## Supplied information
^^^^^^^^^^^^^^^^
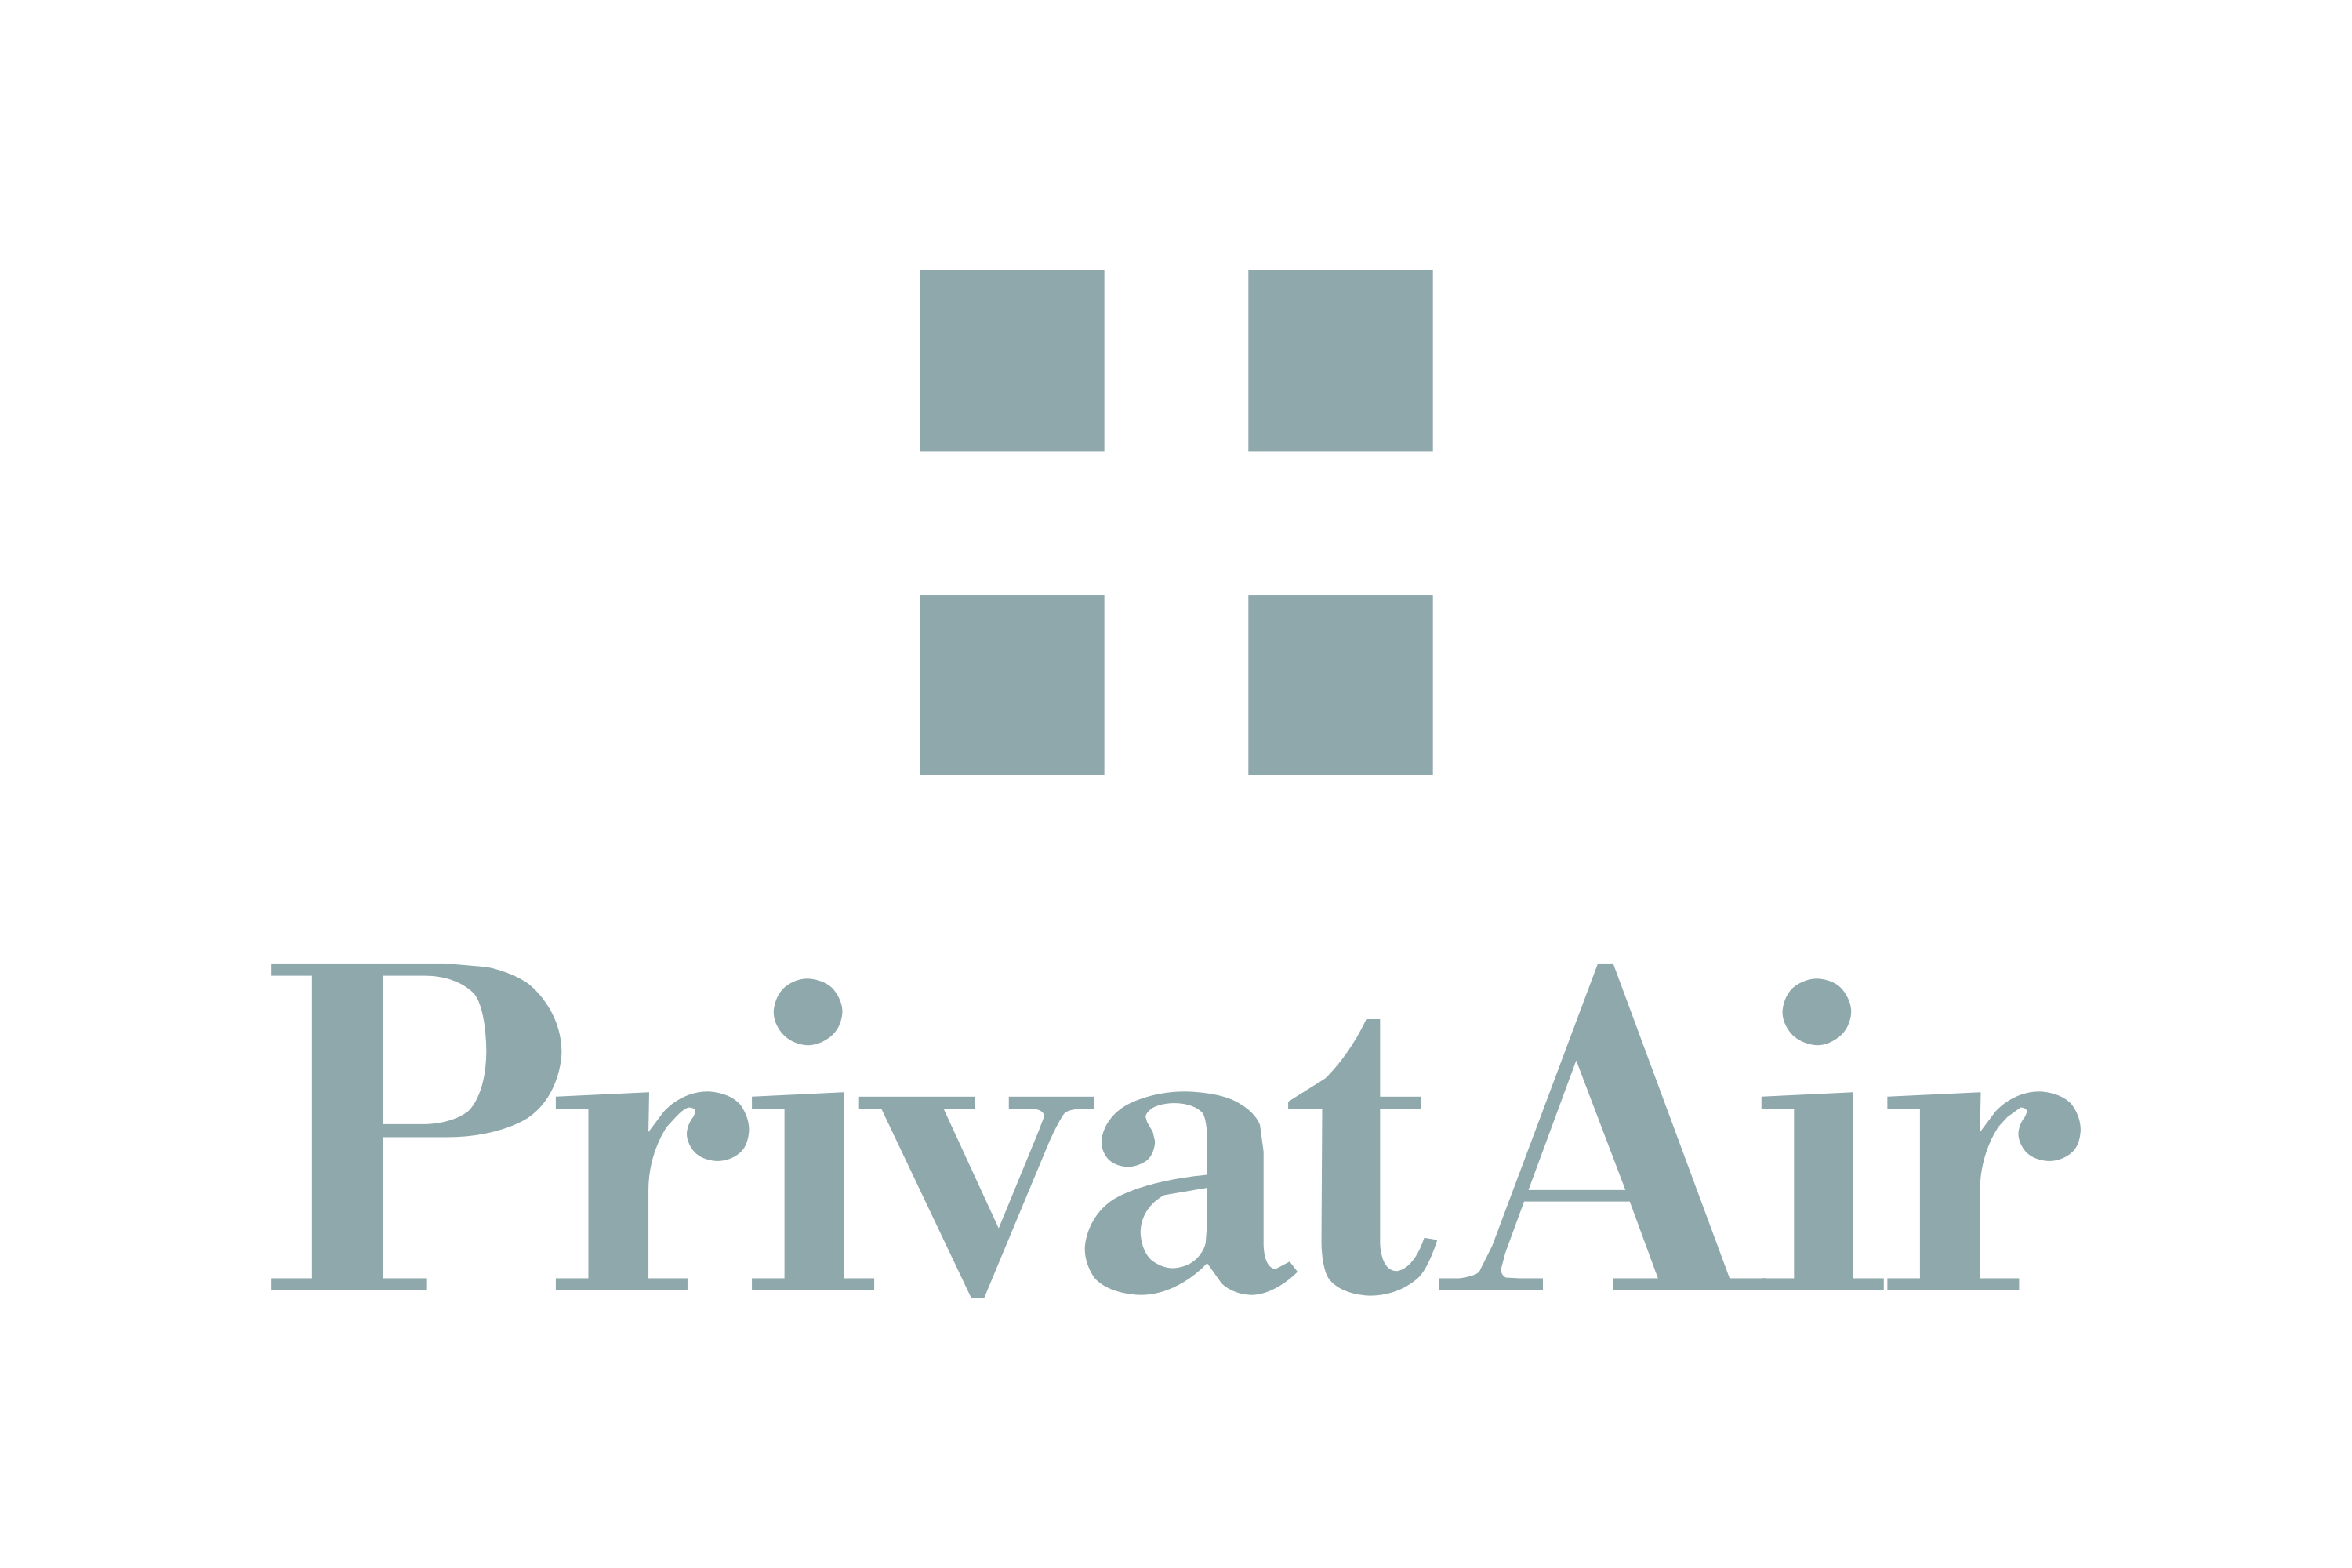 PrivatAir Logo
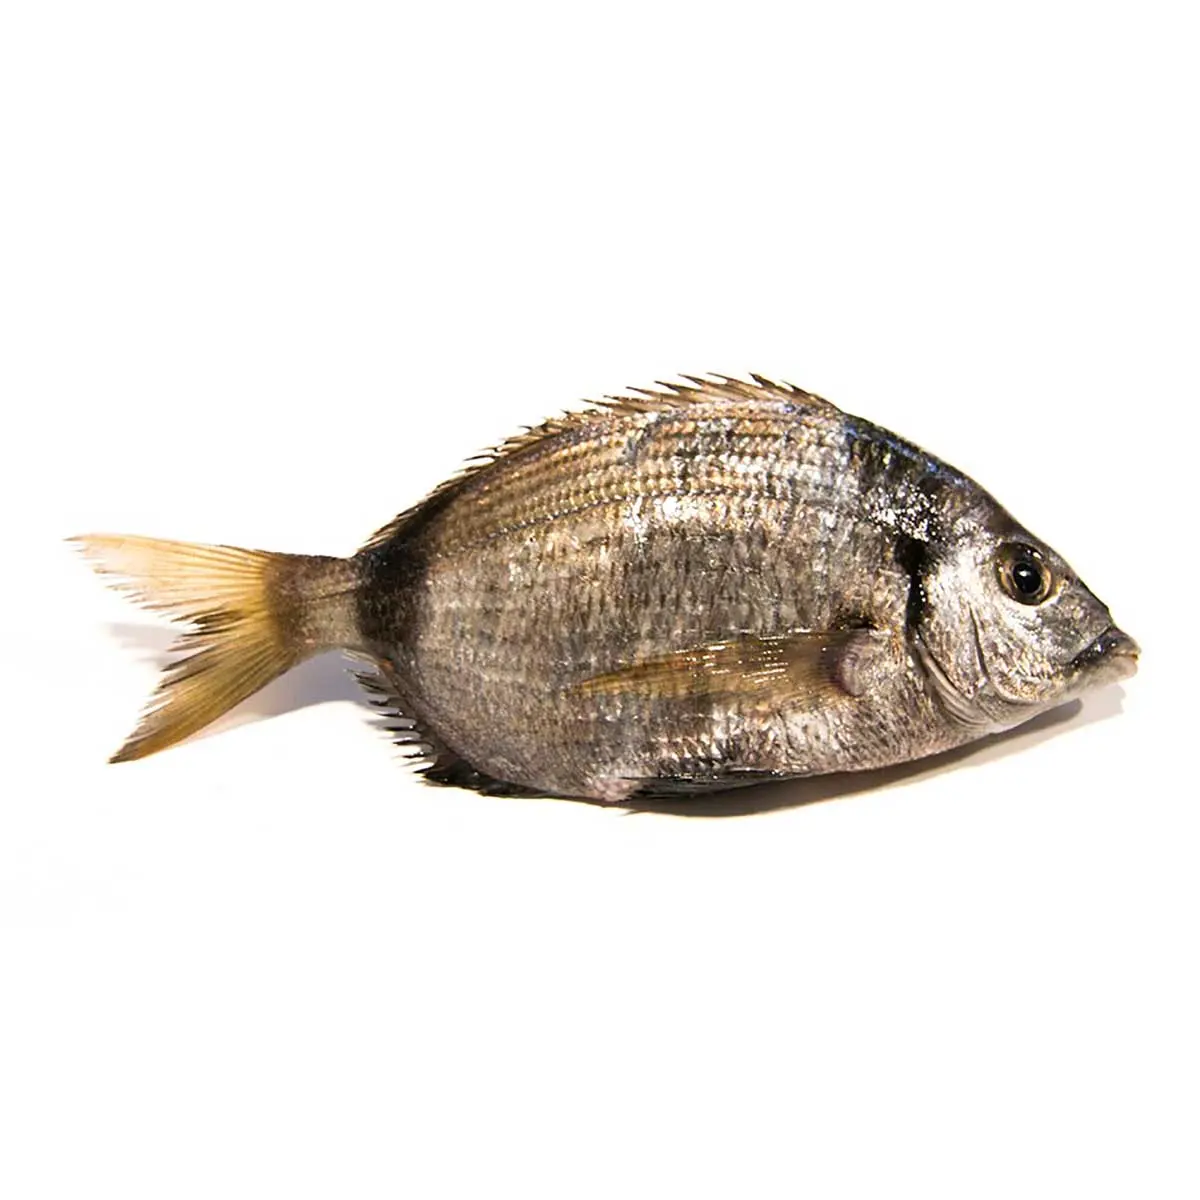 pescado sargo precio - Qué tipo de pescado es el sargo
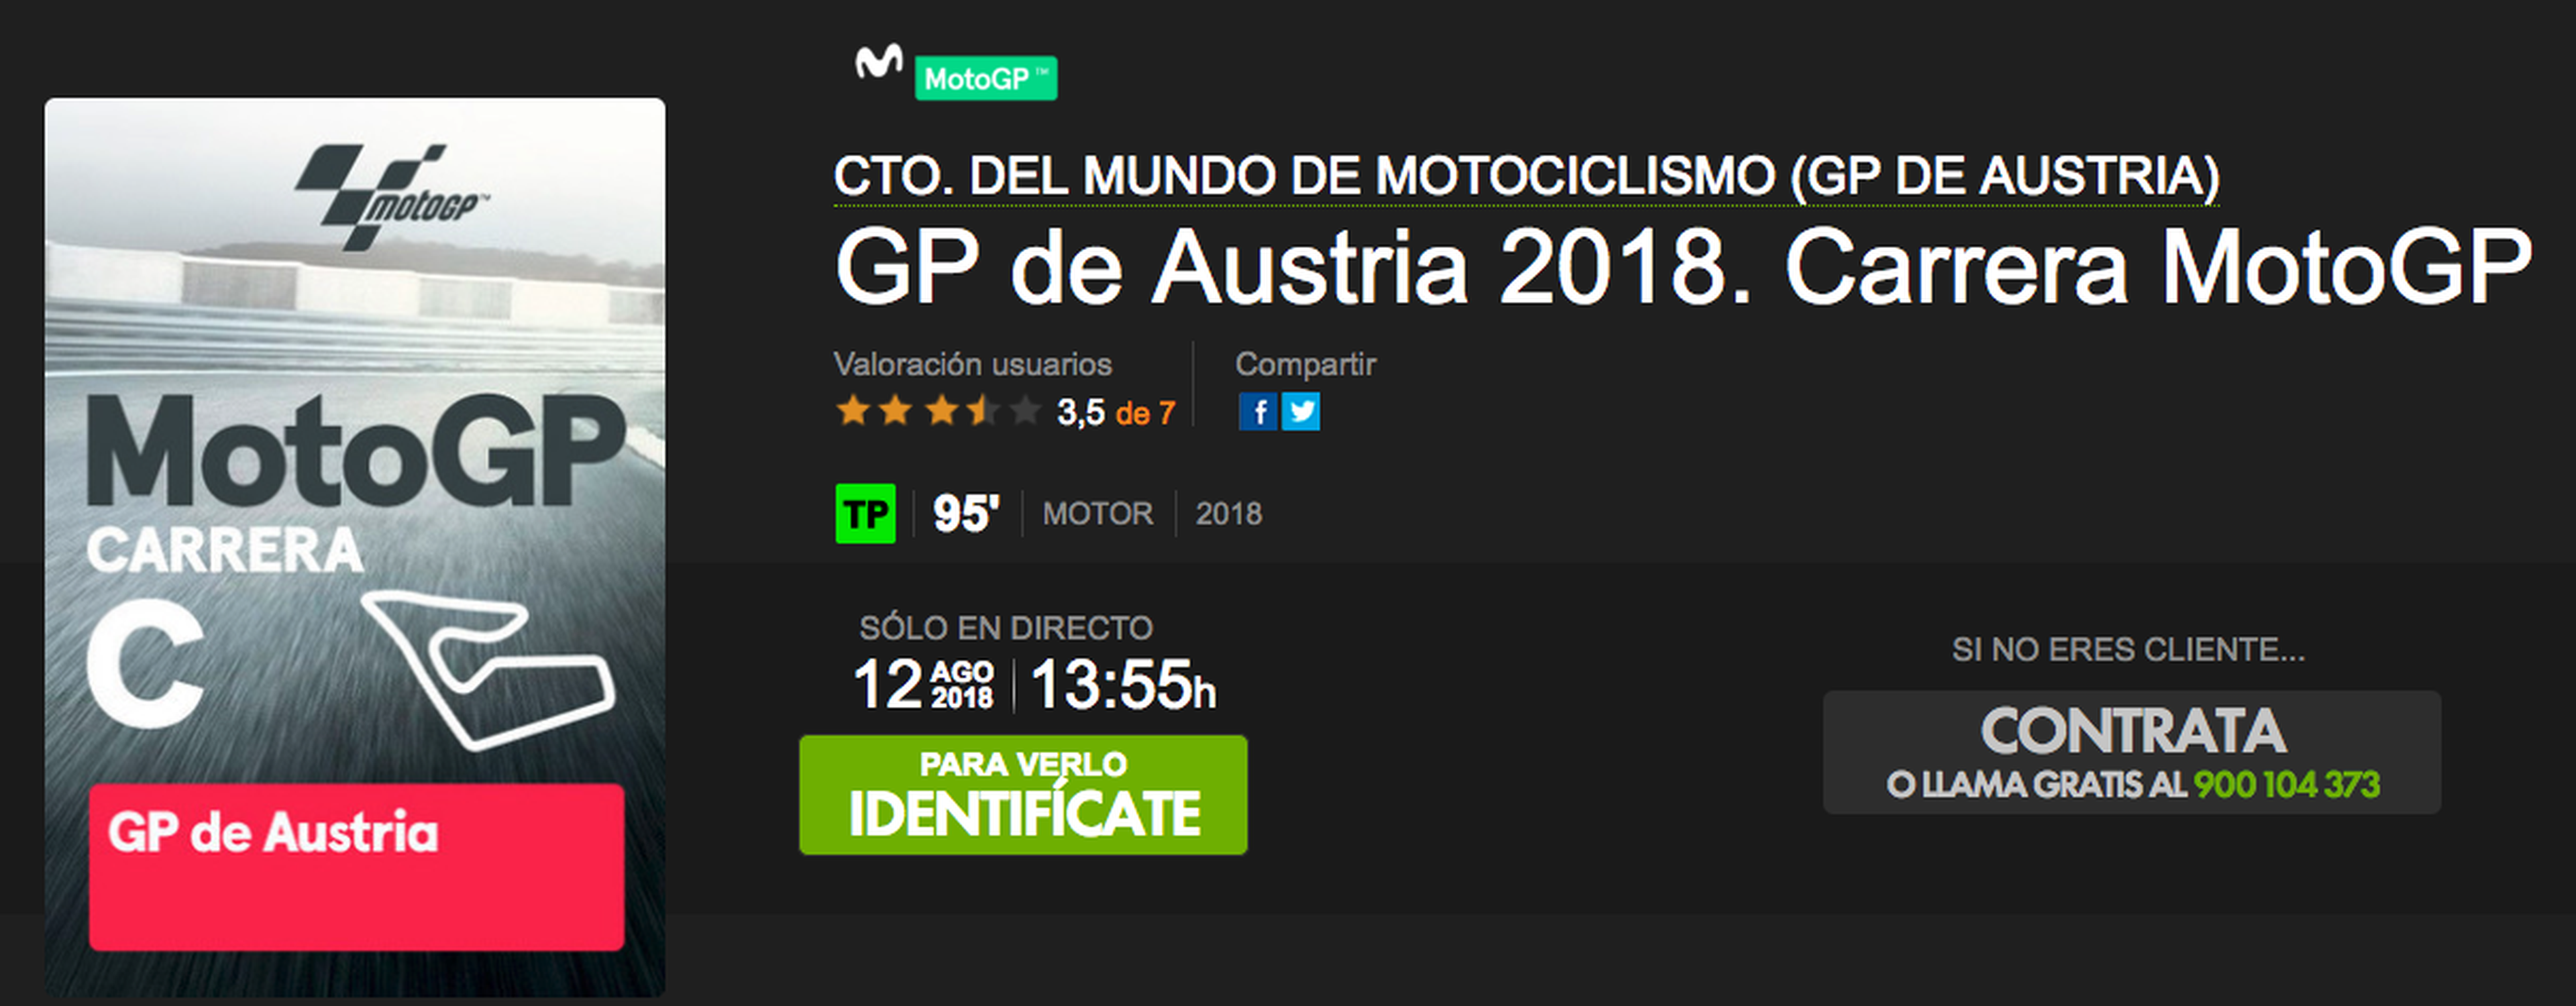 ver motogp austria 2018 por internet
^^^^^^^^^^^^^^^^
Please copy out the material above exactly, with the images removed.

 PrivatAir Logo
 pescado sargo precio - Qué tipo de pescado es el sargo
 ver motogp austria 2018 por internet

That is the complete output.